A well-known thought experiment from the field of ethics suggests choosing which way to direct a heavy trolley - in the direction where it will inevitably kill one person, or in another, where another will be the victim. Different versions of Trolley Problems deal with different combinations of potential victims: a group of criminals or one innocent person, a healthy person or a group of hopelessly ill patients, a great surgeon or a child, and the like. Professor Rick van Baaren at the University of Nijmegen in the Netherlands and his team presented volunteers with a similar dilemma for robots.

Indeed, robots are increasingly integrated into our lives, and many of them are becoming increasingly anthropomorphic. It is important for psychologists, sociologists and many others to understand how our attitude towards them is formed and what it depends on. European scientists talk about this in an article published in the journal Social Cognition. In the first experiment, the participants solved the Trolley Problem with reference to humans and robots, anthropomorphic and not. During the second stage, psychologists examined what factors influence the anthropomorphic perception of the robot.

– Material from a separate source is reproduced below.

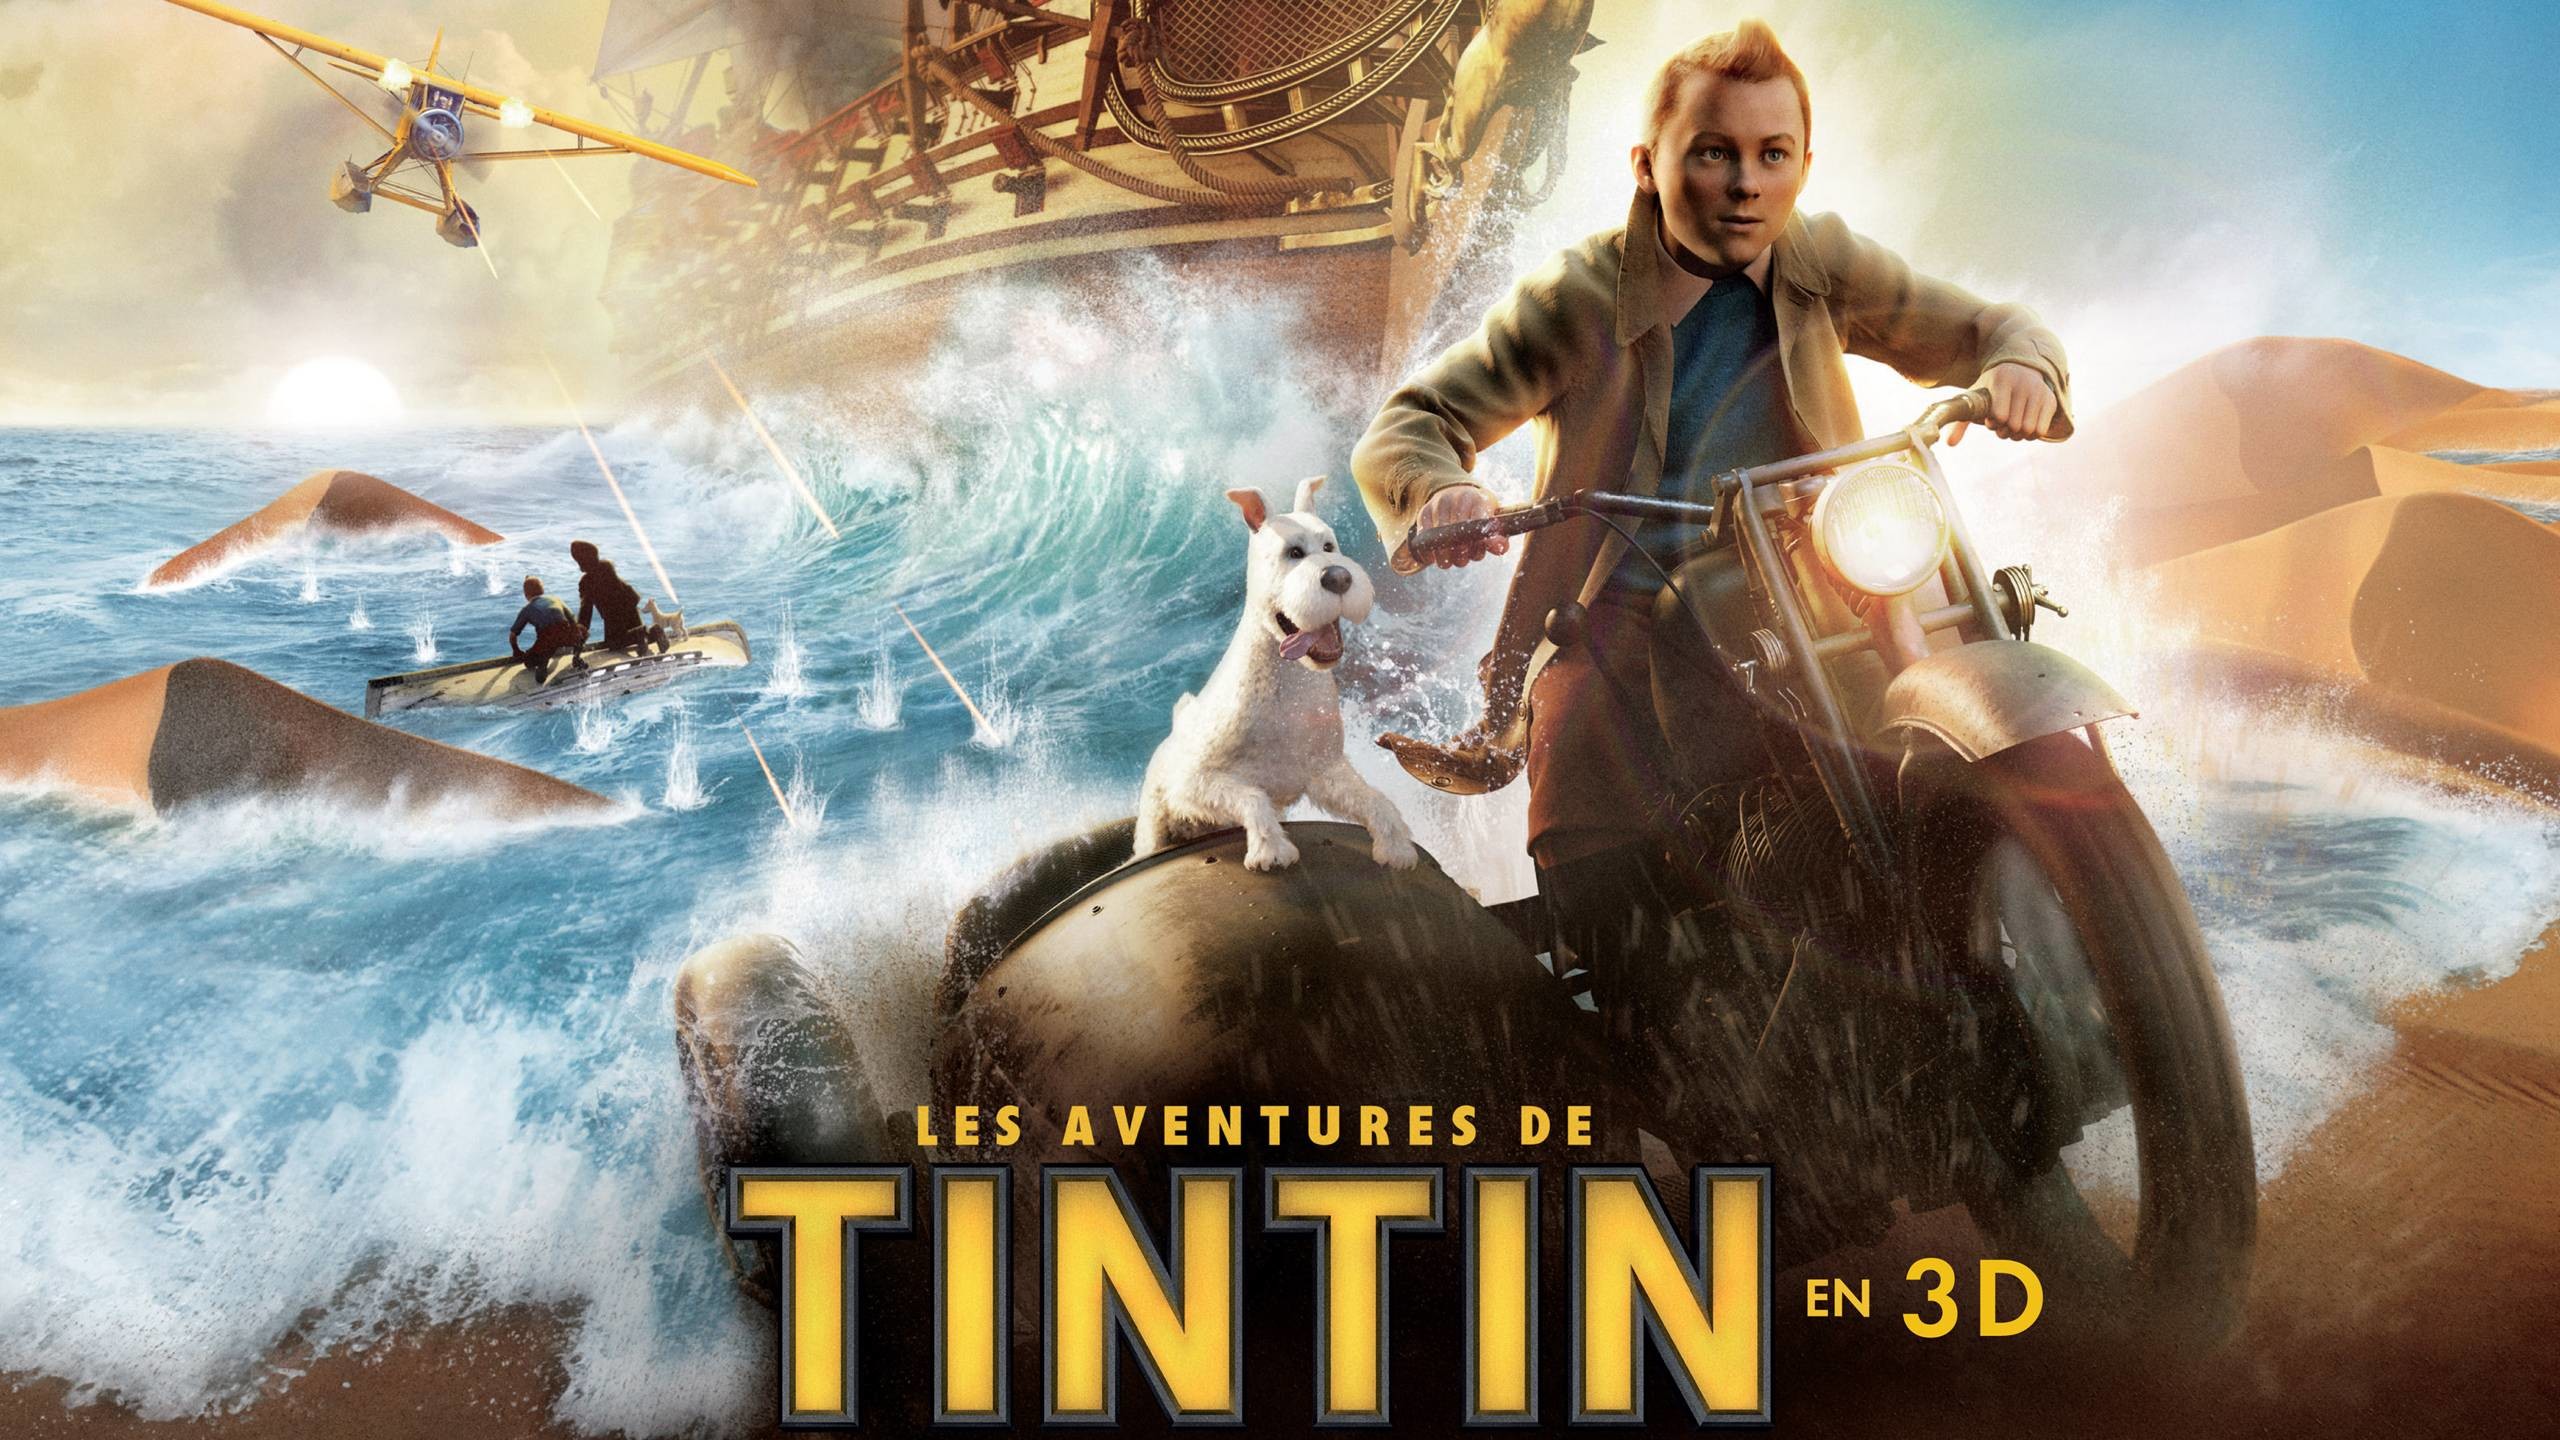 2560x1440 Wallpapers Tagged With TINTIN | TINTIN HD Wallpapers | Page 1

“The more 'human' the robot is perceived to be - or, more precisely, the more emotionality is attributed to the machine, the less often our subjects agreed to sacrifice it,” says one of the authors of the work, Markus Paulus. Perhaps these are quite expected results, but scientists make rather bold conclusions, pointing out the need for reasonable restrictions when creating anthropomorphic machines. “Attempts to 'humanize' robots shouldn't go too far,” says Marcus Paulus. "Otherwise, they will create a conflict with their original goal of helping people."